We present a β-Ga 2 O 3 Trench Schottky Barrier Diode (SBD) featuring a high-permittivity (high-k) dielectric RESURF and an atomic layer-deposited (ALD) Ru anode contact to engineer the trade-off between forward voltage drop and reverse leakage current. We created 1 µm deep trenches on the lightly doped β-Ga 2 O 3 drift layer and deposited a high-permittivity BaTiO 3 as the RESURF dielectric. By encircling the trenches with the anode metal, the electric field at the metal/semiconductor junction is effectively reduced. Consequently, we were able to utilize a low work-function metal like Ru without inducing a significant increase in reverse leakage current.
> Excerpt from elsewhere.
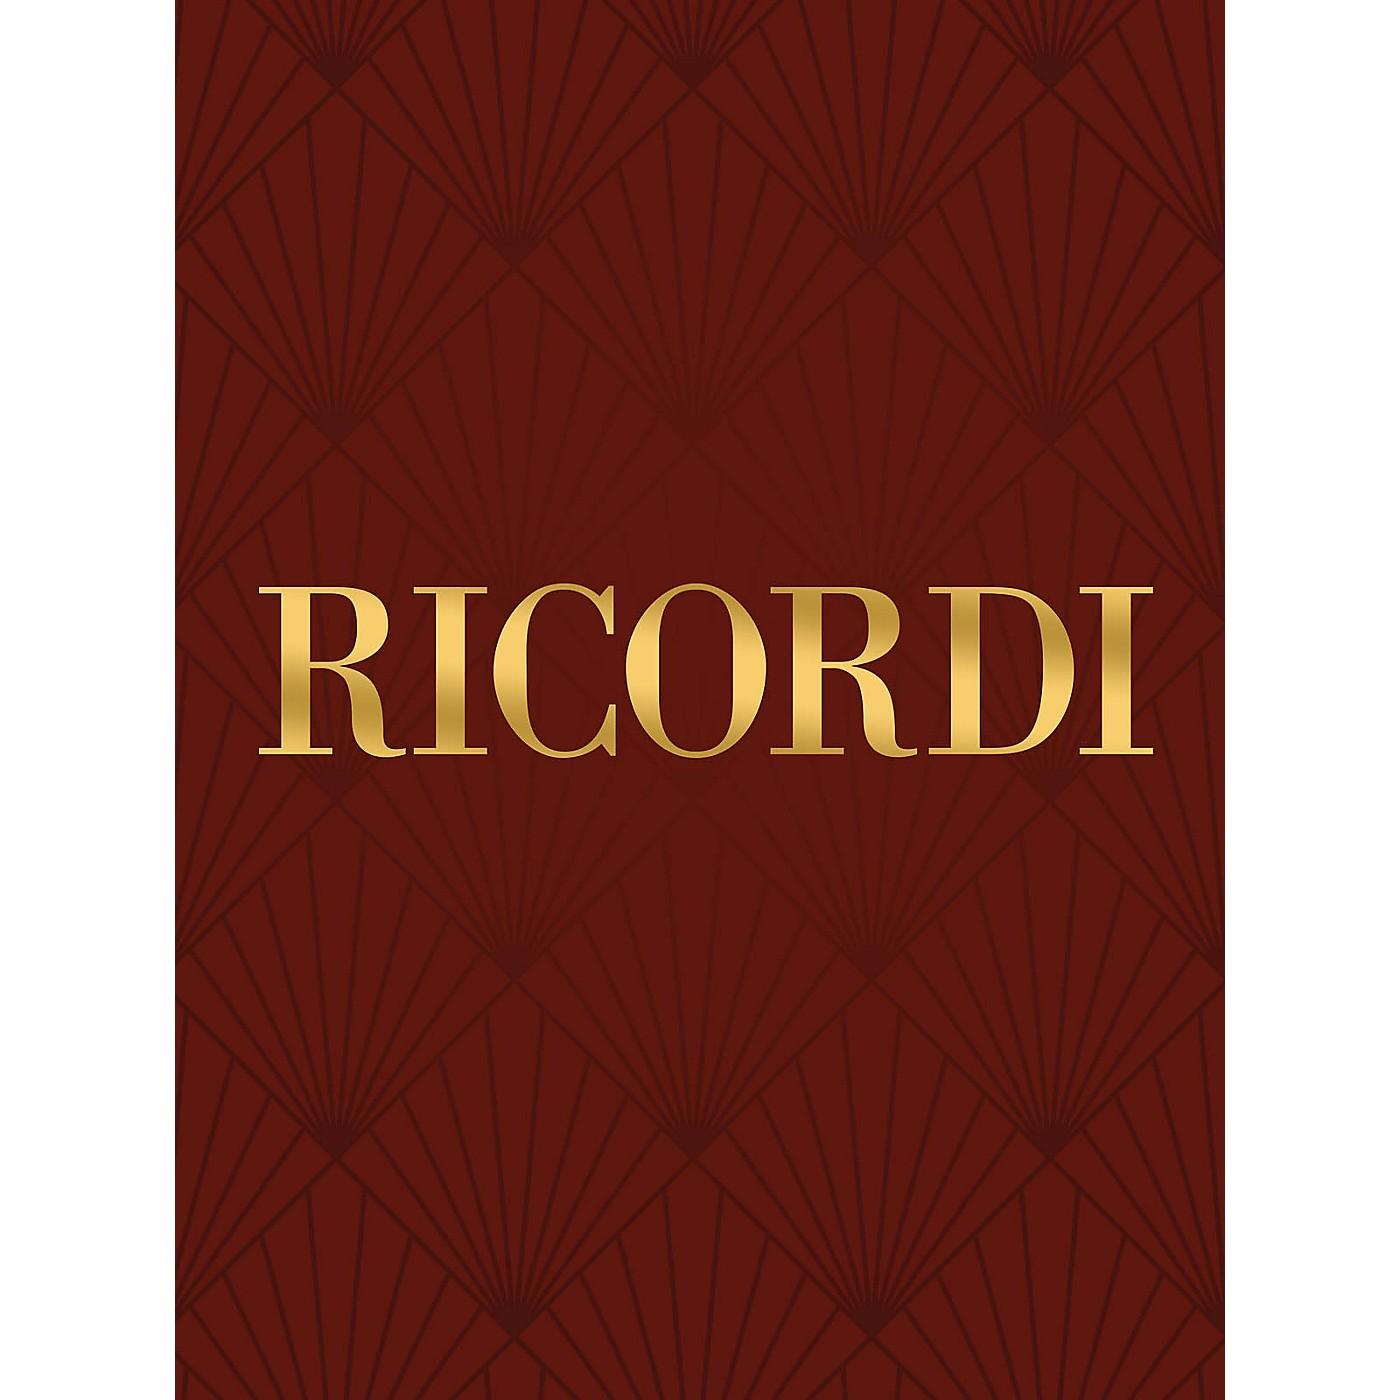 Ricordi 100 Studi, Op. 32 - Volume 1 (Violin Method) String Method Series Composed by Hans Sitt thumbnail

The high-k RESURF trench SBD, spanning an area of 200×200 µm 2 , demonstrated a low turn-on voltage of 0.5 V and a reverse breakdown voltage exceeding 3 kV, with a leakage current density of 2 mA/cm 2 at 3kV. The larger area 1×1 mm 2 and 2×2 mm 2 devices exhibited breakdown voltages of 1.74kV and 1.42kV, respectively, while accommodating maximum pulsed forward currents of 6A and 20A, respectively. The devices presented here exhibit record low product of stored charge and forward voltage drop (Q C V F) for > 1 A, 1 kV device, indicating promising switching and conduction loss trade-off for multi-kilovolt class applications.